On August 3, the headline of a CTV News article informed Canadians that “No, ‘social contagion’ isn’t driving transgender teens, study finds.”
For anyone with even the slightest knowledge of the gender issue, a declaration such as this may have come as a bit of a surprise. Does this mean we can now stop worrying about the recent meteoric rise in teenagers identifying as transgender? Can we set aside our concerns about whole friend groups coming out as trans and lining up to get irreversible medical procedures?
Not quite. Because the reported study was conducted by none other than Jack Turban, well-known activist psychiatrist and puberty-blocker enthusiast, and it has been widely criticized by an array of experts, including those who are themselves sympathetic to Turban’s political views, as already reported in The Post Millennial.
It is genuinely baffling that such scientific rubbish could have made it through the peer review process and into a world-class medical journal, but what is equally concerning is that it hit the international news and is being presented to Canadians as if it’s real science.
In recent months there have been several important international developments in the world of gender medicine that CTV, and with the exception of the National Post, all other major Canadian news outlets have failed to report on.
When Sweden and Finland banned pediatric medical transition except in the strictest of clinical trial settings, we heard not a whisper about it. More recently, it was announced that England's controversial Tavistock gender clinic is to be closed down because the service is not safe for children, and yet only the National Post deemed this hugely important development newsworthy.
Instead, Canada’s legacy media remains steadfast in its one-sided reporting of this issue. In March of this year, CTV treated us to a heartwarming story about an eleven-year-old boy who had recently been chemically castrated at the gender clinic in Ottawa, and just last month CBC proudly reported on how the province of Nova Scotia has just reduced the barriers to gender-affirming care, without a single mention of the controversy surrounding this model.
If journalists in Canada actually cared about this vulnerable cohort of young people who believe themselves to be members of the opposite sex, they’d make the effort to investigate the issue and report the facts, rather than latching onto appalling junk science because it fits the approved trans-positive narrative.
The tiniest bit of research would have revealed that Turban’s claim there has been no dramatic increase in teenage girls identifying as transgender is frankly ludicrous. It is completely inconsistent with all data coming out of gender clinics all over the world, including Canada.
That teenage girls are the demographic most affected by social contagions is a well-known fact, and a quick look at the trends in gender clinic referrals over the past decade would certainly suggest we are witnessing such an event. Another hallmark of the social contagion phenomenon is a period of exponential growth, which again is clearly visible here:
[caption id="attachment_210619" align="aligncenter" width="295"] SEGM promotes safe, compassionate, ethical and evidence-informed Healthcare for children, adolescents, and young adults with gender dysphoria. Home, from https://segm.org/[/caption]
[caption id="attachment_210620" align="aligncenter" width="519"] Vancouver/BCCH Clinic-Community Webinar. Trans Youth CAN! (n.d.), from https://transyouthcan.ca/results/vancouver-self-care-and-coping-webinar/[/caption]

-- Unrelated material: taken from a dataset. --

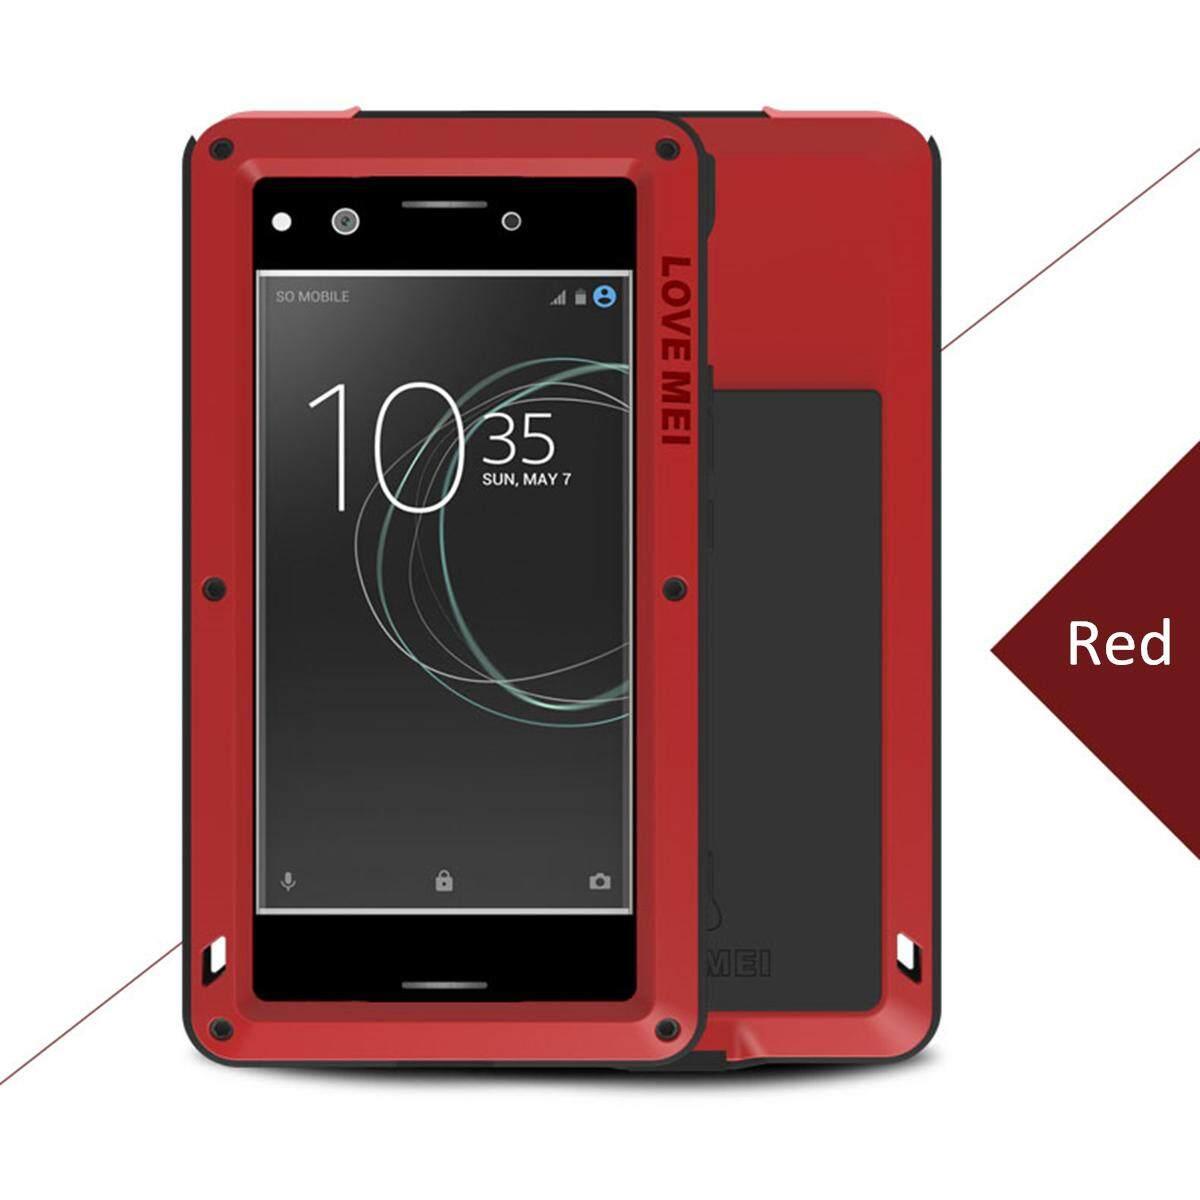 CINTA MEI Anti-Air Anti Guncangan Aluminium Logam Telepon Case untuk Sony Xperia XZ Premium Merah-Internasional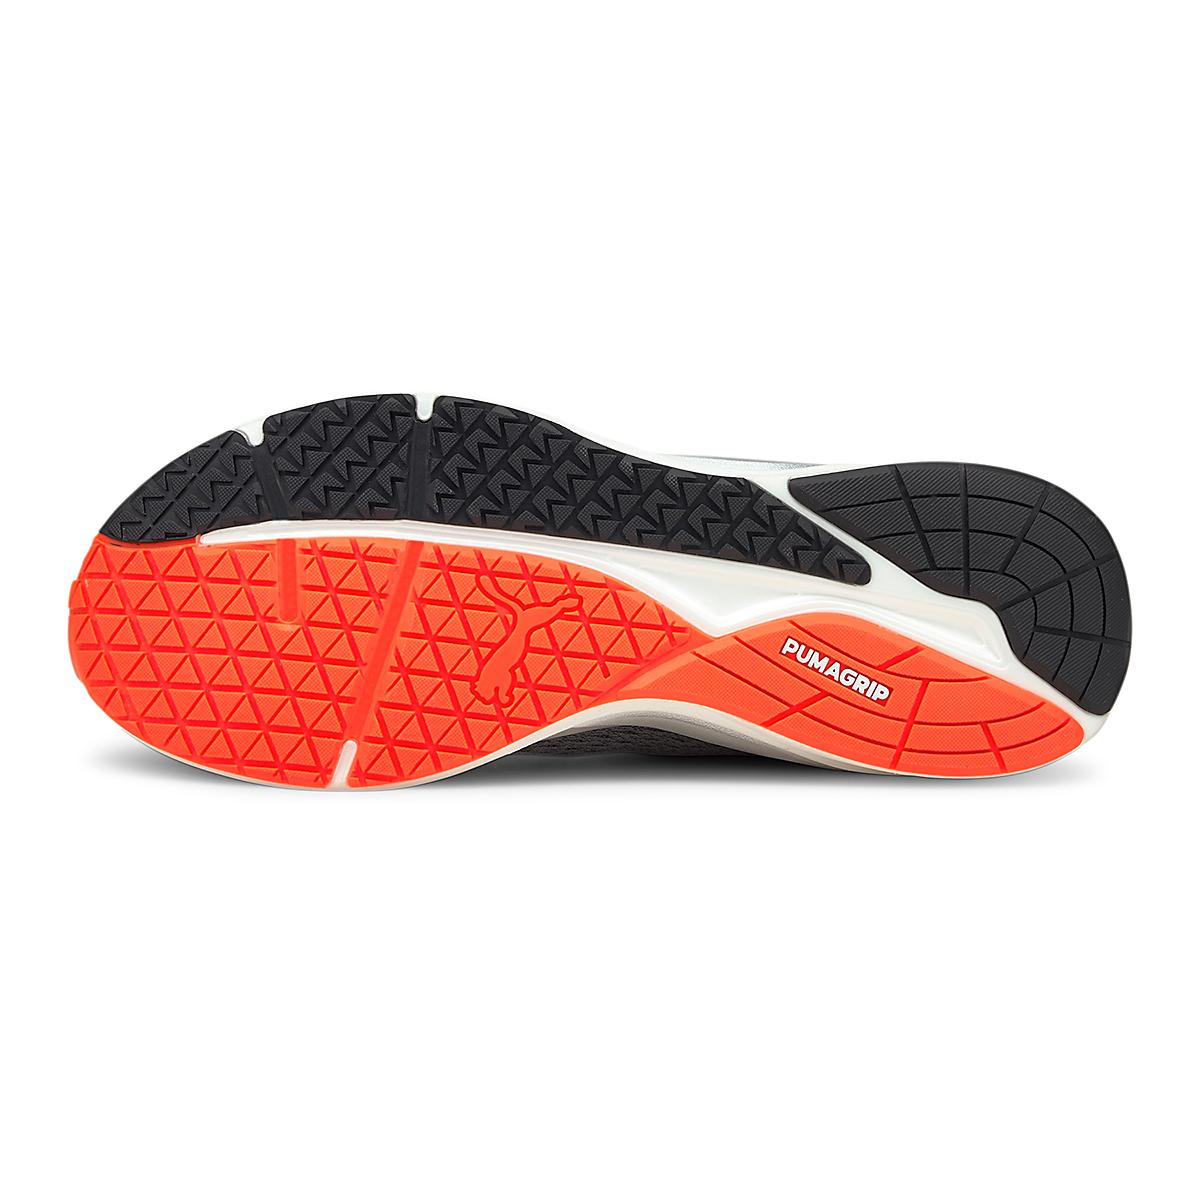 Men's Puma Eternity Nitro Running Shoe - Color: Castlerock / Puma White / Lava Blast - Size: 7 - Width: Regular, Castlerock / Puma White / Lava Blast, large, image 4

It is also important to pay attention to the years that the epidemic began because this is another factor in the social contagion theory. We have long known that the media plays a crucial role in the spread of social contagions, and it just so happens that this epidemic started right at the precise moment that the modern trans rights movement kicked into high gear. I Am Jazz first aired in 2015, as did Louis Theroux’s documentary Transgender Kids, and it is surely no coincidence that there was a surge in young people identifying as transgender in the years that followed.
Also around the mid-2010s, school boards added materials such as the Genderbread Person and the Gender Unicorn to the curriculum, and with the best of intentions, teachers began teaching children dangerous lies that detach them from the material reality of their bodies. It would appear that no one stopped to consider what the consequences would be of teaching children an absurd political ideology as if it is scientific fact.
We’ve seen plenty of social contagions play out in recent history, but there's never been one quite like this one. The important difference is, when the contagions of anorexia, bulimia, or cutting swept through teenage girls populations, we were allowed to talk about them. We were allowed to be concerned, and most importantly, we were allowed to try to stop them in their tracks.
But because this contagion is political, we are forbidden from even naming it. To suggest that it’s a social contagion is considered a terrible act of transphobia. So instead of helping these young people, we have to celebrate their suffering. Instead of trying to slow the spread, teachers, the media, politicians, and activists are actively encouraging it. Chemically castrating children is beautiful, we are told. Sixteen-year-old lesbians having bilateral mastectomies is a cause for celebration - only a transphobic bigot would disagree.
The truth about this devastating medical scandal will come out eventually because the damage is too enormous to stay hidden forever, but every article that distorts the truth and misleads the Canadian public delays that moment further, meaning more and more young people will come to harm. In the not-too-distant future, when we’re sifting through the wreckage of this contagion, every journalist who was too cowardly to report on it truthfully will have to accept their role in the devastation it caused.